──────── Recorded data ────────
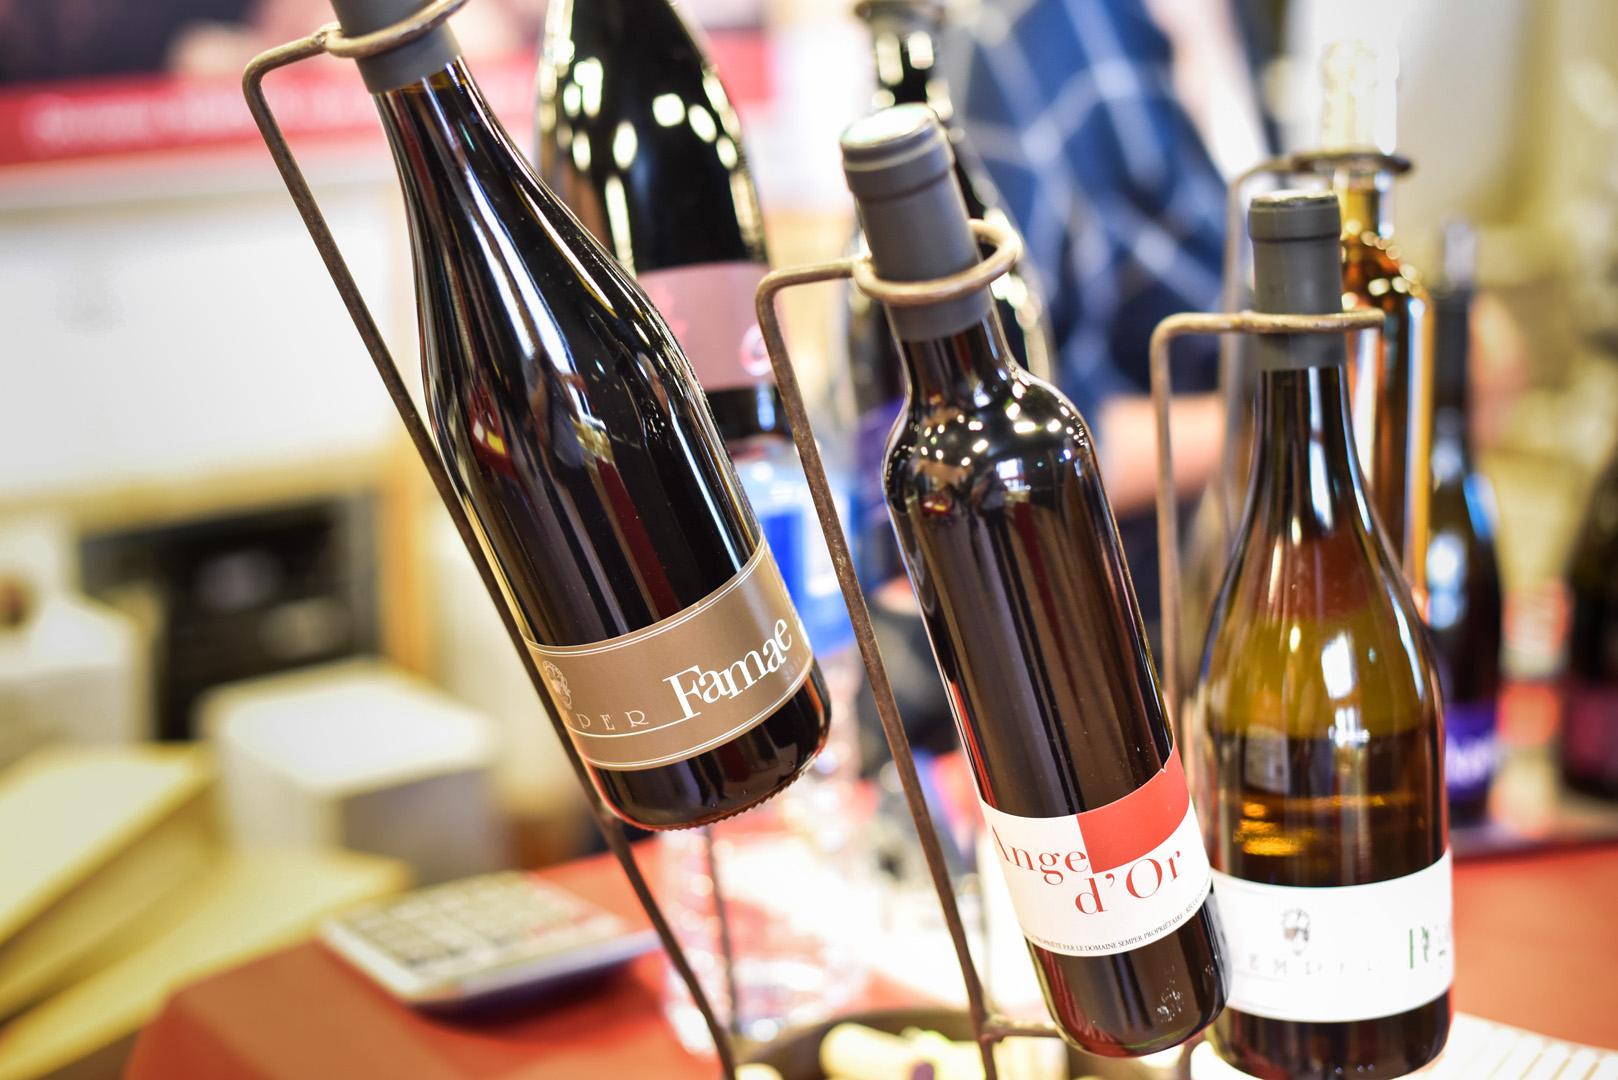 Vinomedia, salon du vin
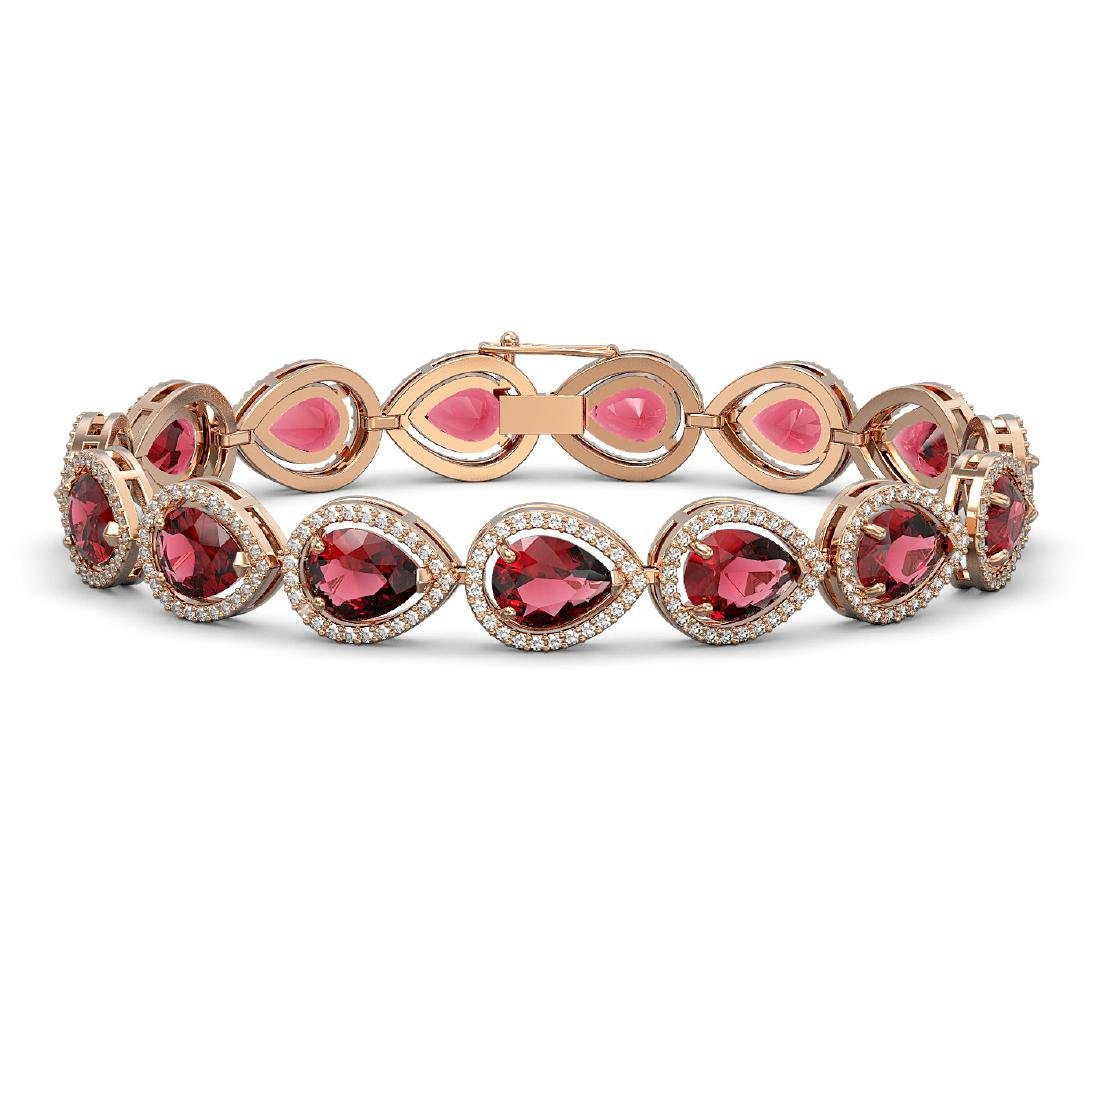 19.7 CTW Tourmaline & Diamond Halo Bracelet 10K Rose
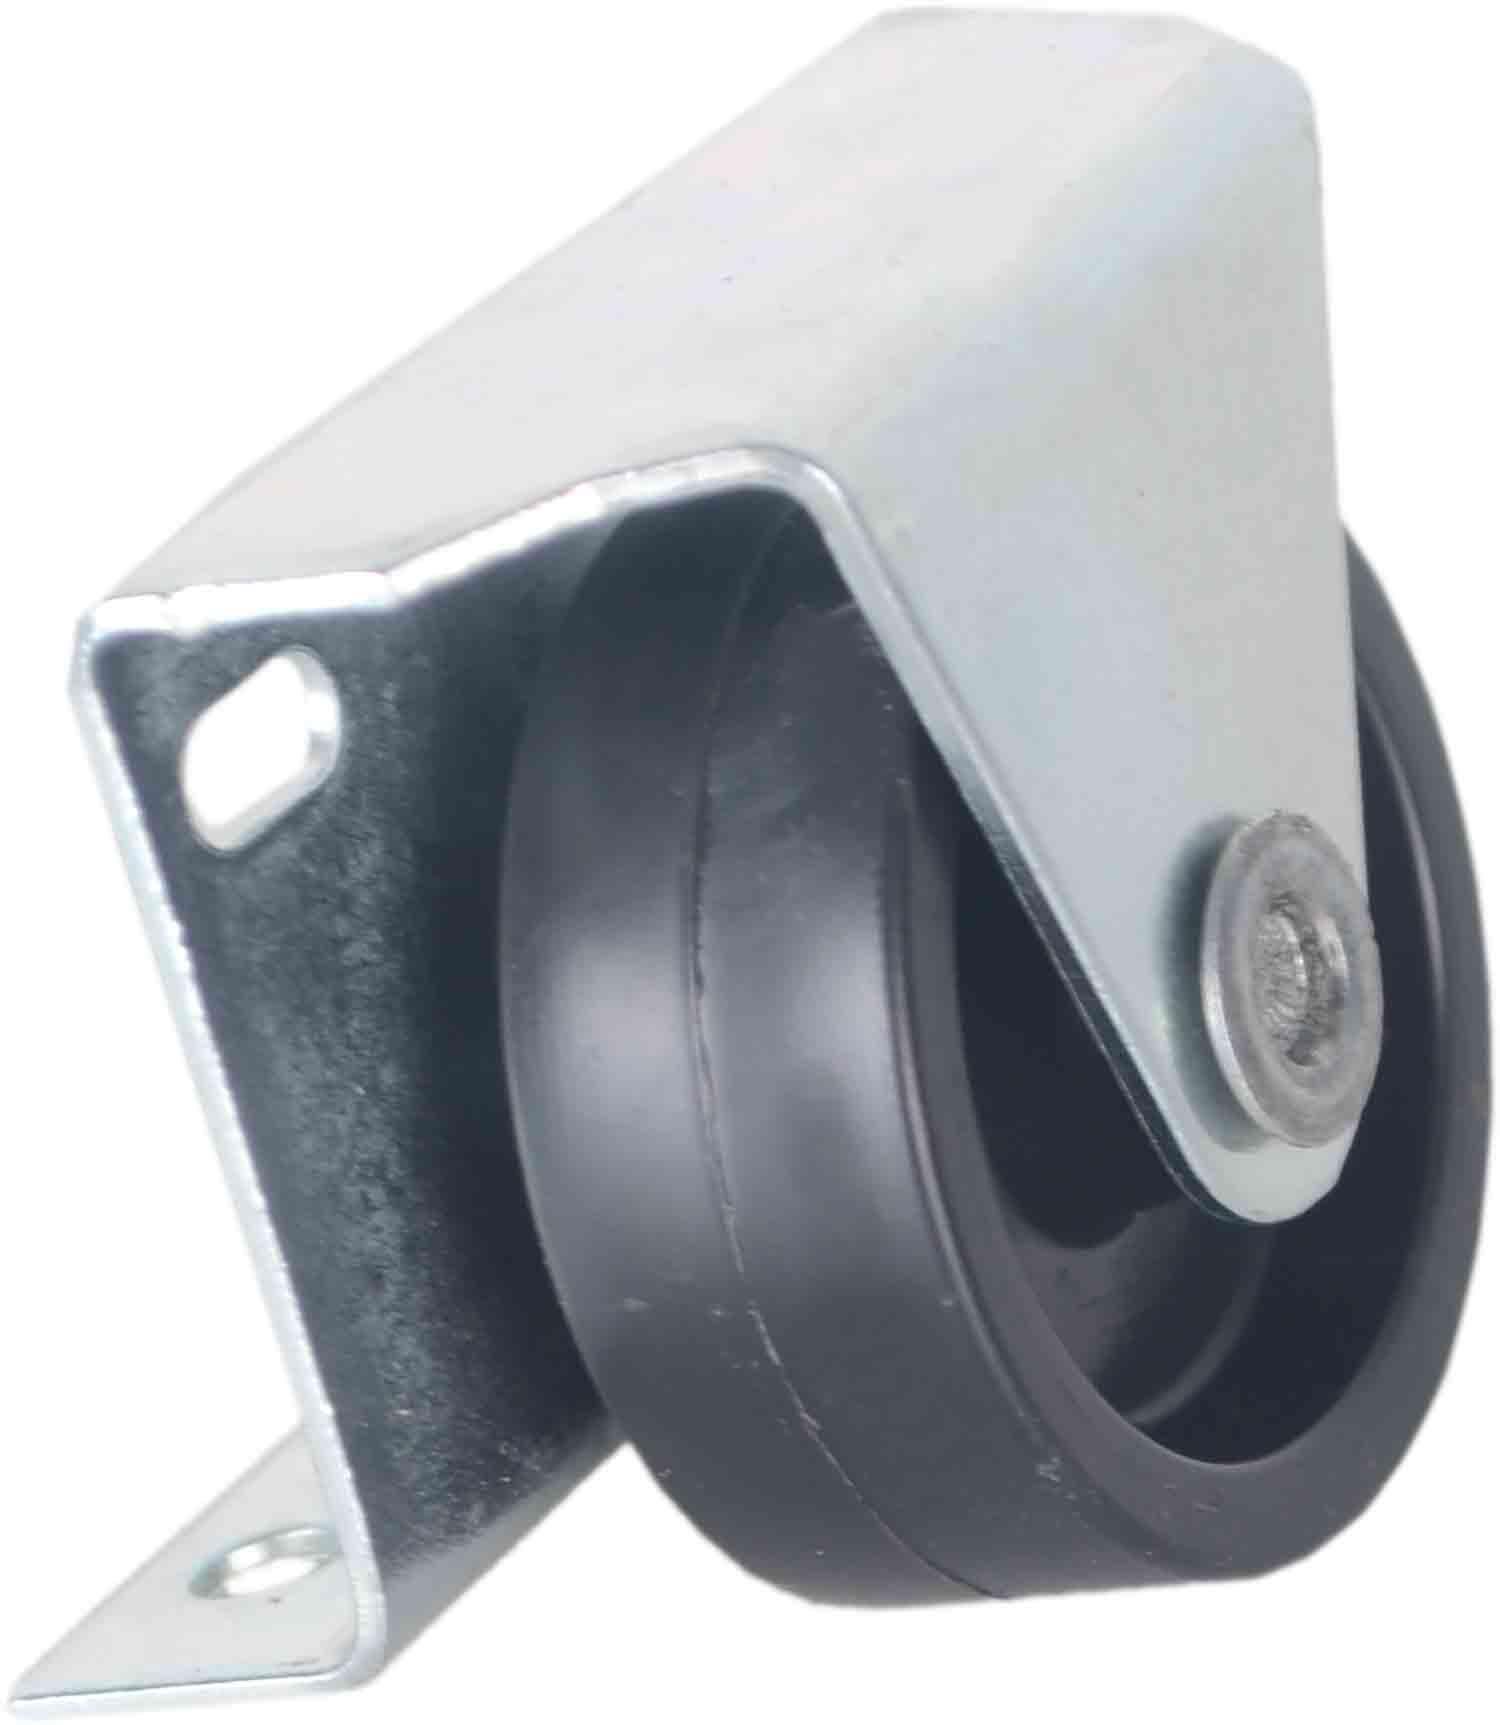 50 Roda Rodízio Fixo Chapa L 36mm 50kg (Cama auxiliar)
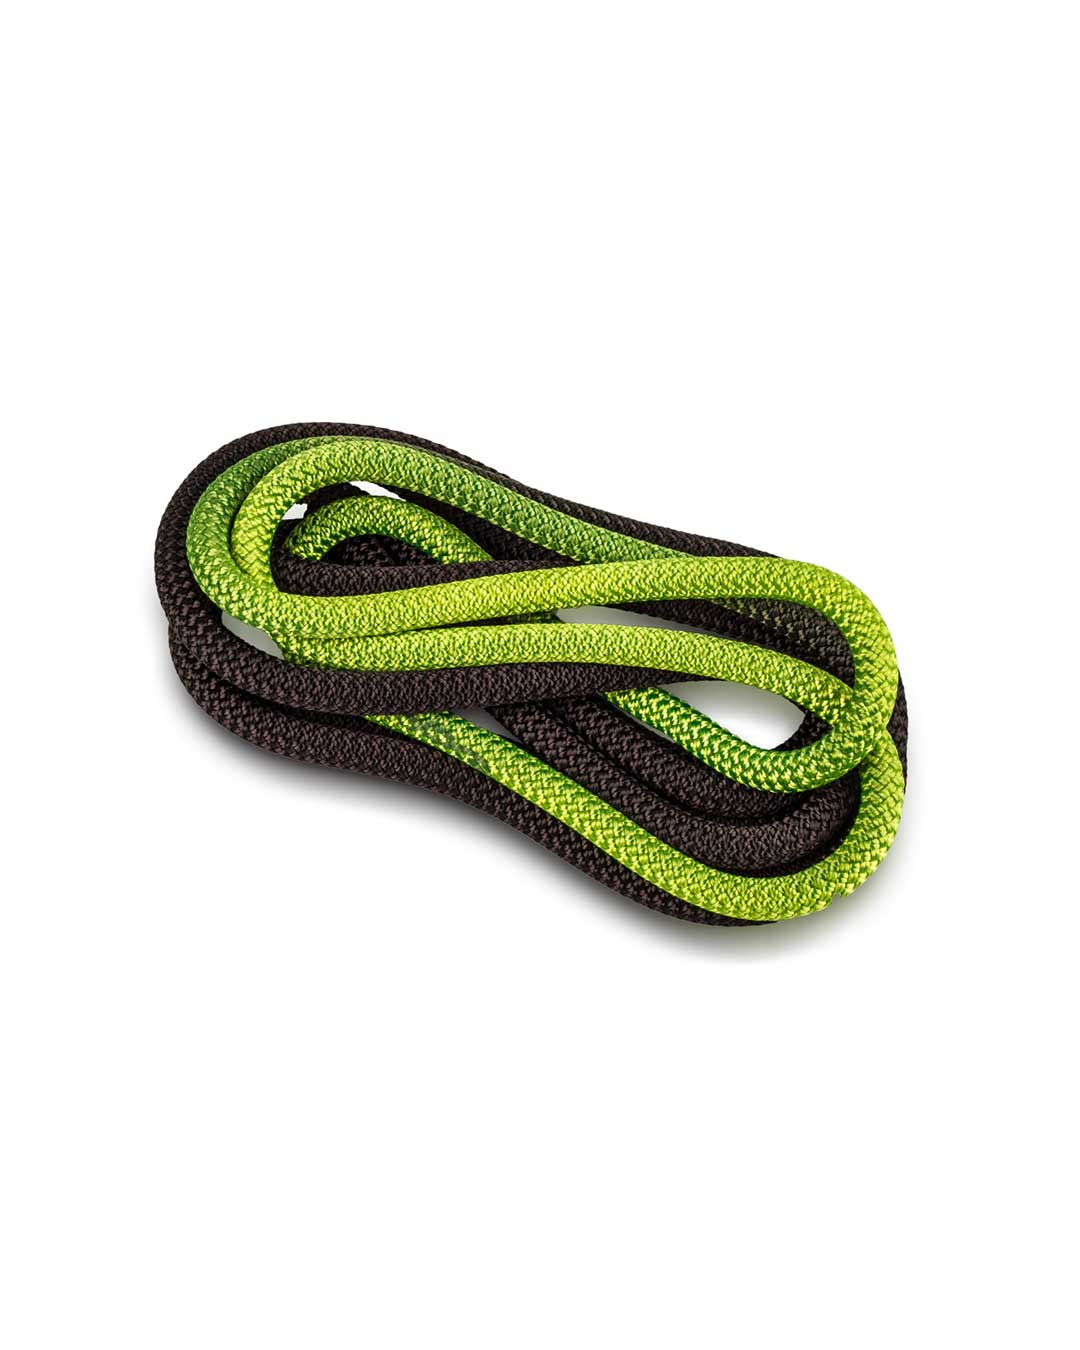 Cuerda de gimnasia rítmica VENTURELLI (Certificada FIG) verde negro - 3 m
────────
What the task requires: Write out the listing again word for word, but without its pictures.

Completed task:
 Vinomedia, salon du vin
 19.7 CTW Tourmaline & Diamond Halo Bracelet 10K Rose
 50 Roda Rodízio Fixo Chapa L 36mm 50kg (Cama auxiliar)
 Cuerda de gimnasia rítmica VENTURELLI (Certificada FIG) verde negro - 3 m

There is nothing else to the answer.